Until around the turn of the 20th century, most people thought physiognomy reflected character. And even when it didn’t (as with snub-nosed, beautiful-souled Socrates), they thought that it should. As Montaigne said, appearance should not be “the shoe made of polished leather, but the well-made shoe that reveals the shape of the foot.” The Victorian novelists—Dickens, Eliot, Hardy—introduced the men and women of their books with assured and comprehensive facial interpretations.

But America in the 20th century entered what Baxter calls a “post-face” age: The exterior no longer revealed the interior. With the deal-making of the businessman came the triumph of the poker face, or the sly face, or any face but the real one. “Life has become a theater and there are actors everywhere,” says Baxter. The evils of racism and other forms of discrimination caused novelists to lose faith in the ability of the face to say anything meaningful about an individual.

It’s true that every child still learns to read faces as a basic social “survival skill.” And even when you think that you can’t judge a book by its cover, secretly you “may believe that you still can.” In the literary world, too, there are some holdouts. Saul Bellow, for example, still assumes “that you can tell who a person is simply by looking at him (or her) carefully enough.” Jennifer Egan’s Look at Me (2001) and Siri Hustvedt’s What I Loved (2003) are notable for their “considerable concentration on what remains of the face.”

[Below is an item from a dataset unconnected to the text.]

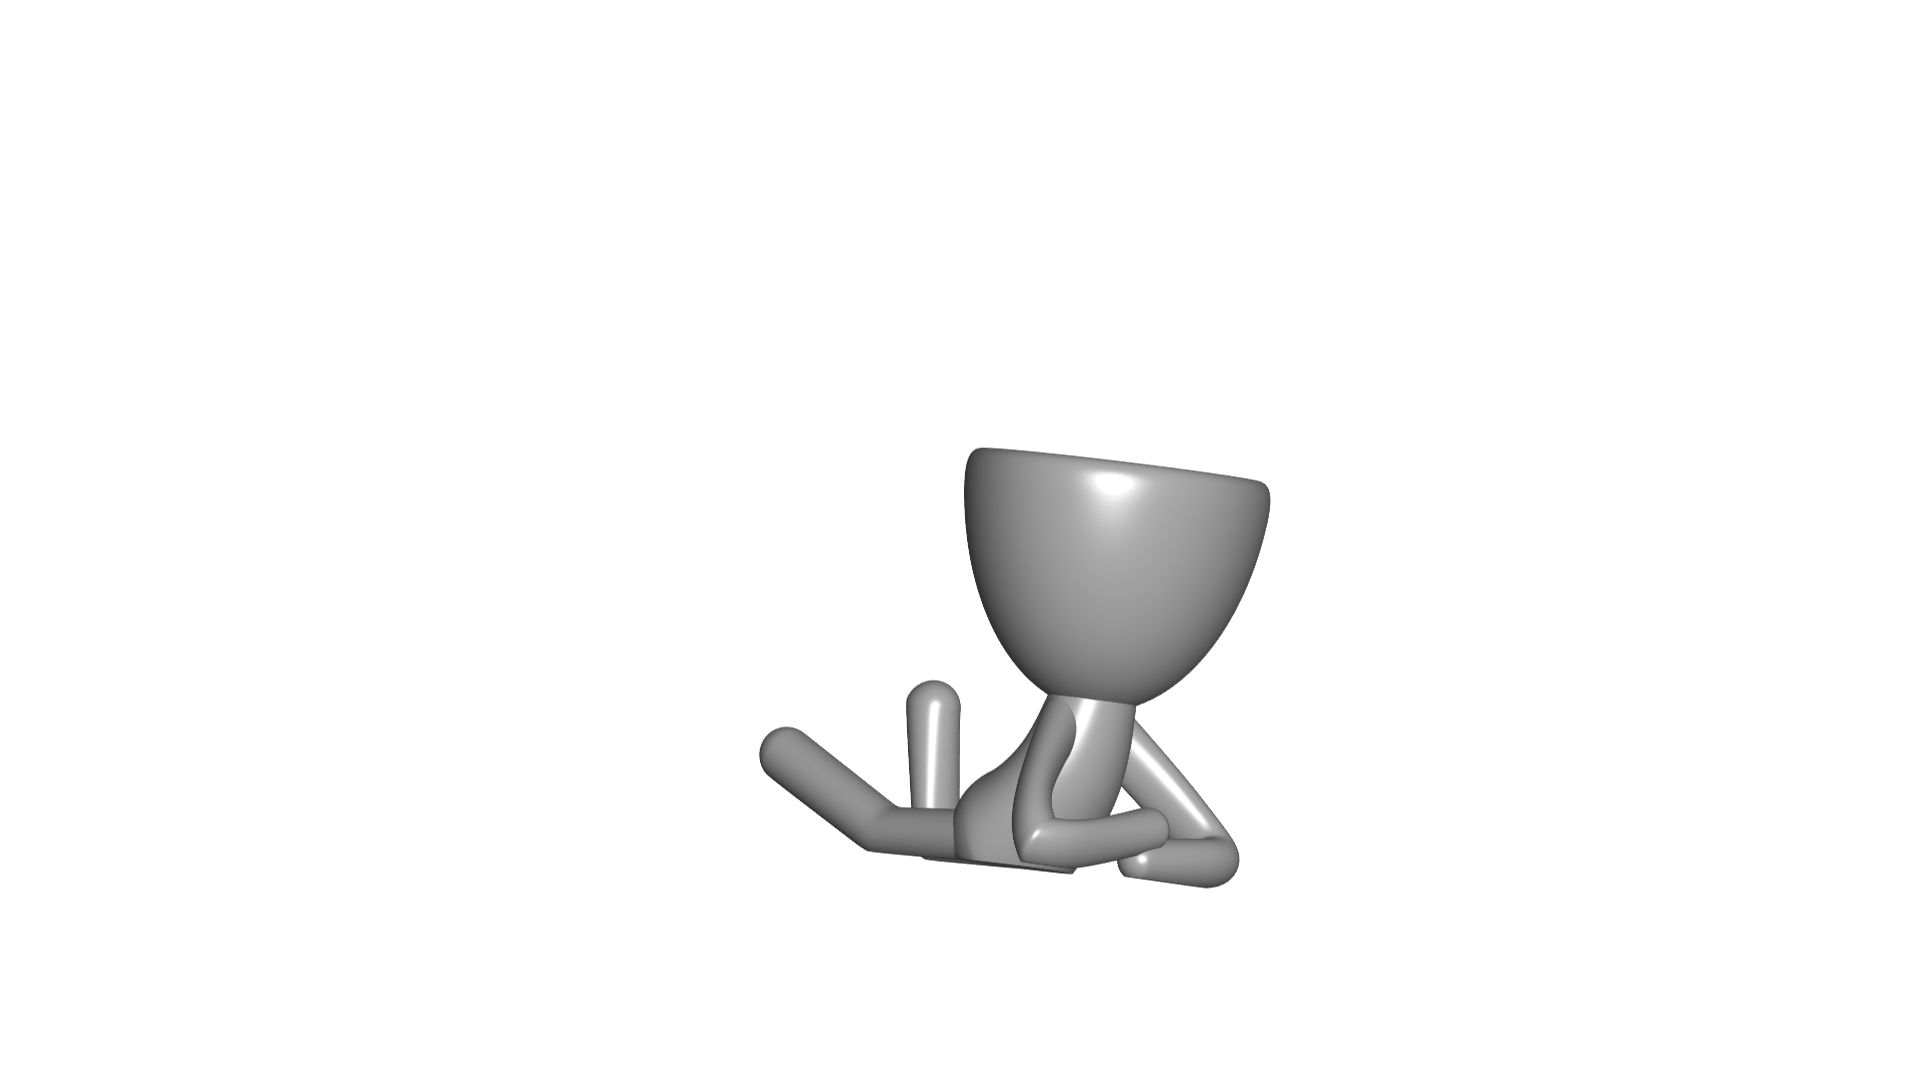 Vaso_02_Gris_1.jpg Download free STL file JARRÓN MACETA ROBERT 02 - VASE FLOWERPOT ROBERT 02 • 3D print model, PRODUSTL56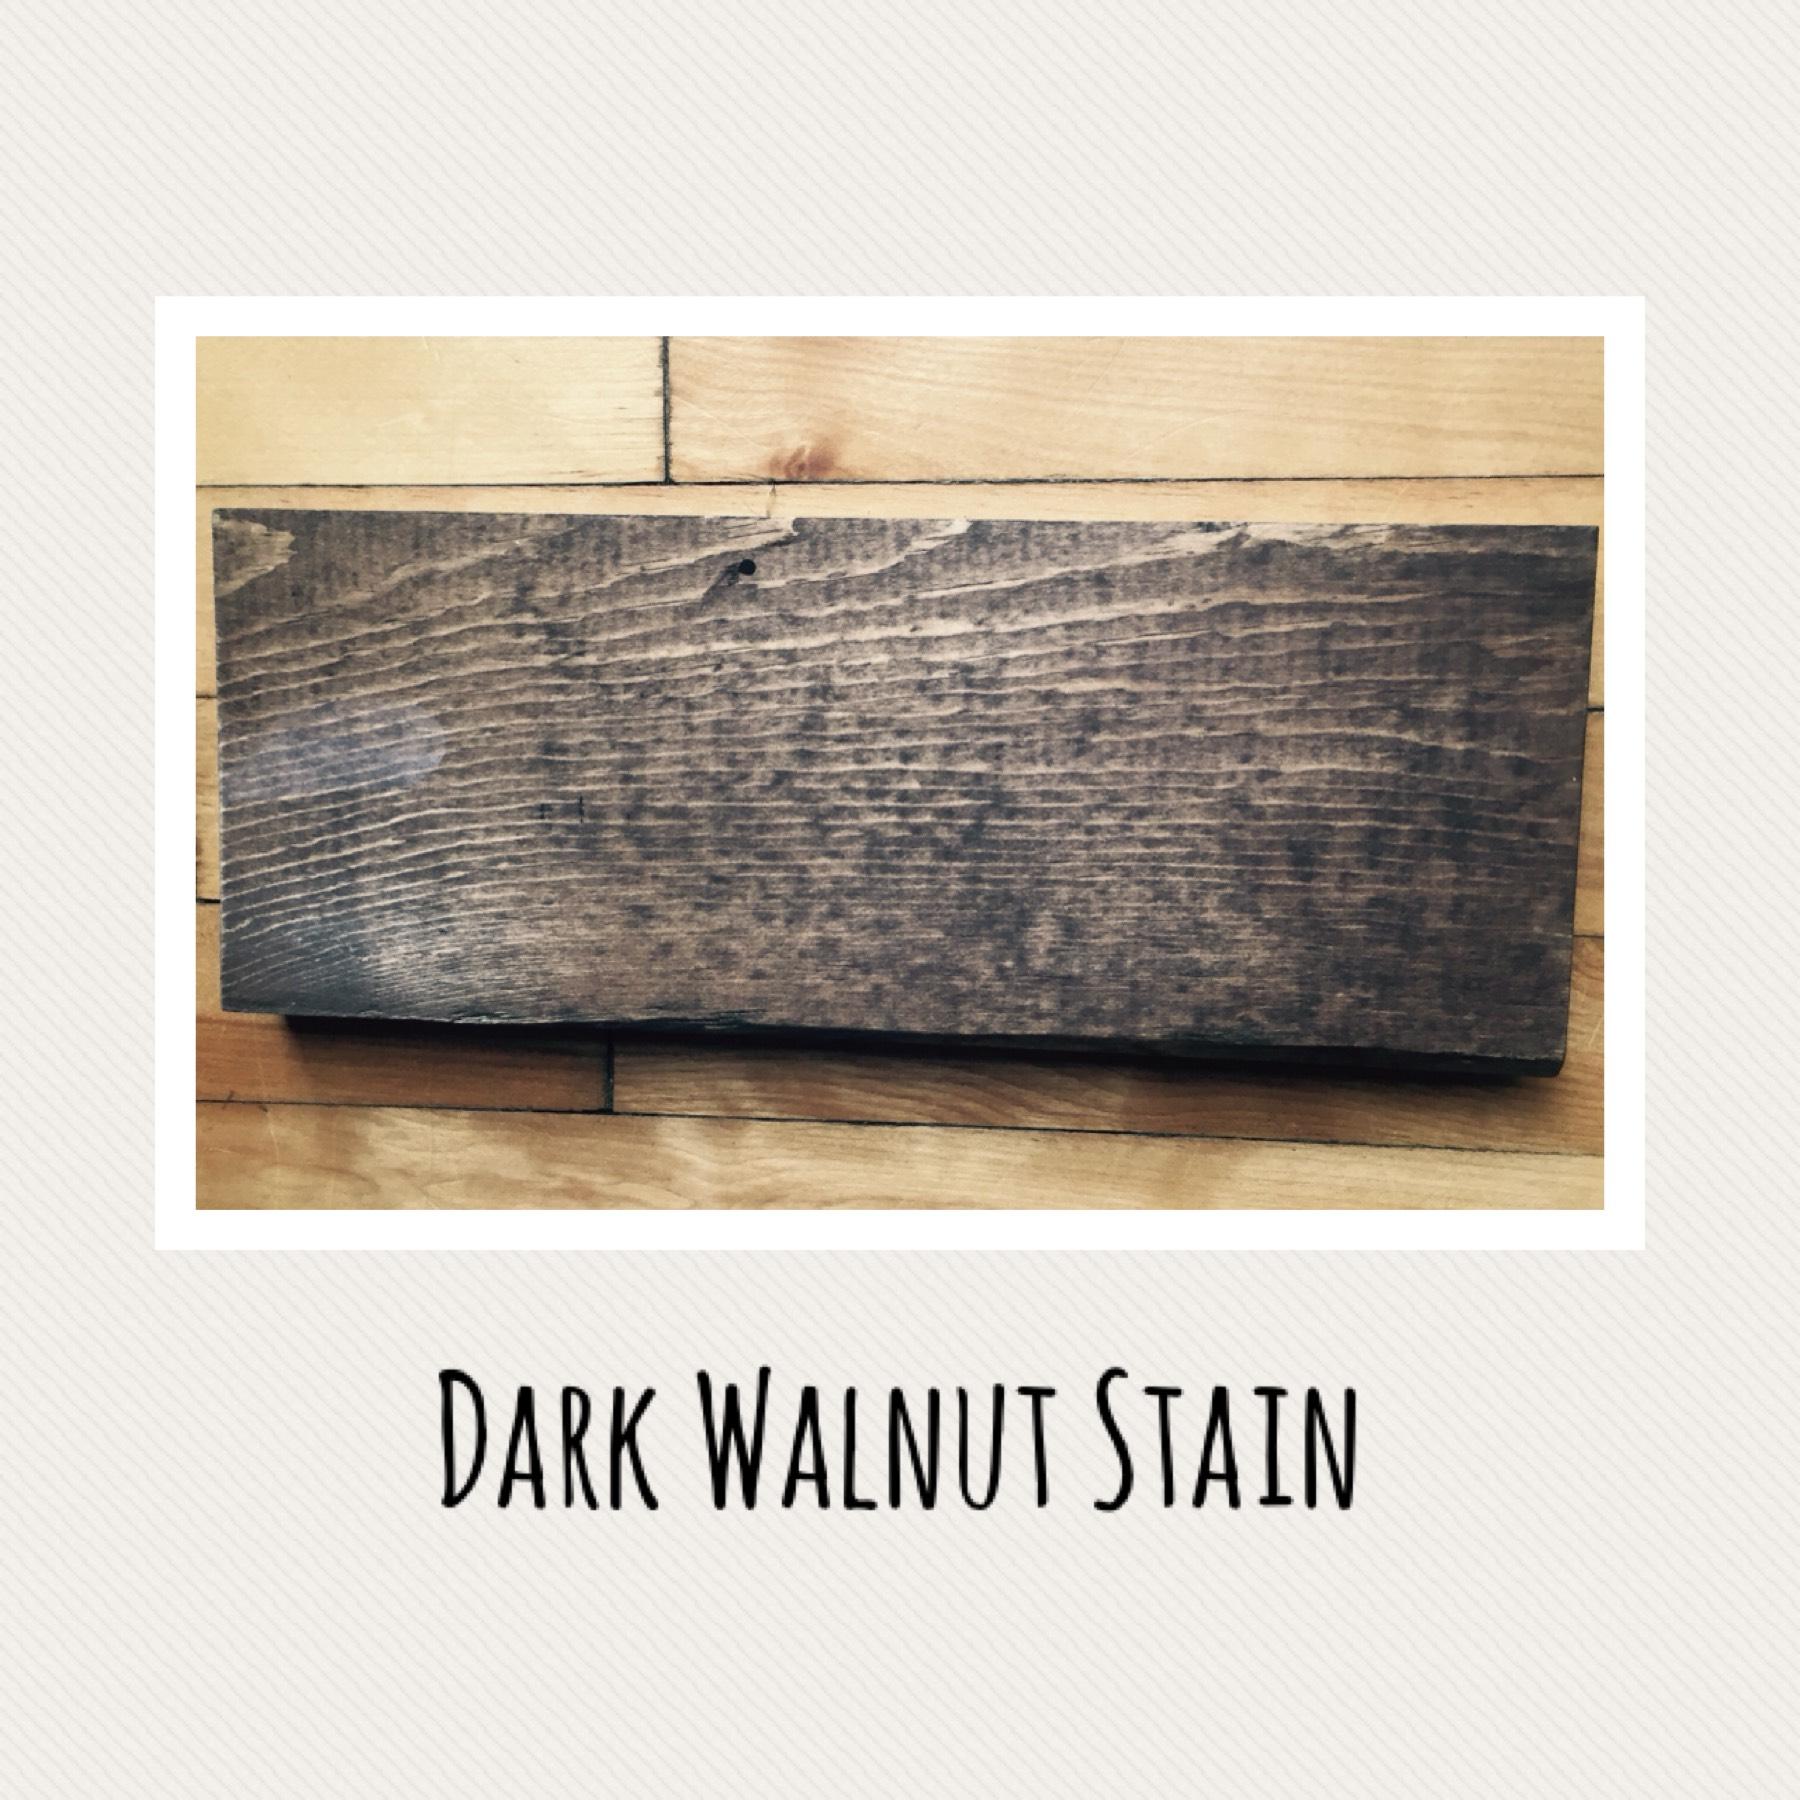 DIY Wood Pallet Sign Kits

Yet those are exceptions. The absence of the face from the modern novel can’t be explained as a simple byproduct of literary innovation. Writers may have cast their lot with Henry James, who thought that you never “get the full sense of the person at first glance.” Or maybe dwelling on the details of the face has “acquired a creepy voyeuristic overtone.” Then, too, we’ve always known that “clothes and body language may be a sign of artifice . . . now [that] the face and the rest of the body may be completely ‘engineered.

Baxter sympathizes with the modern skepticism toward appearances. But just as publications should continue to print photographs and painters paint portraits, novelists should keep physiognomic description in their literary repertoire, he argues, especially description of those faces that “we don’t want to see . . . at all.” The face is what most brings the sense of humanity—if no other characteristic—to an audience’s attention. Baxter cites the French philosopher Emmanuel Levinas, who “argues that the face is the unique physical presence that provokes the [audience’s] obligations” to the person with the face. It’s always ineluctably particular, never abstract or theoretical. Nobody’s just another pretty face.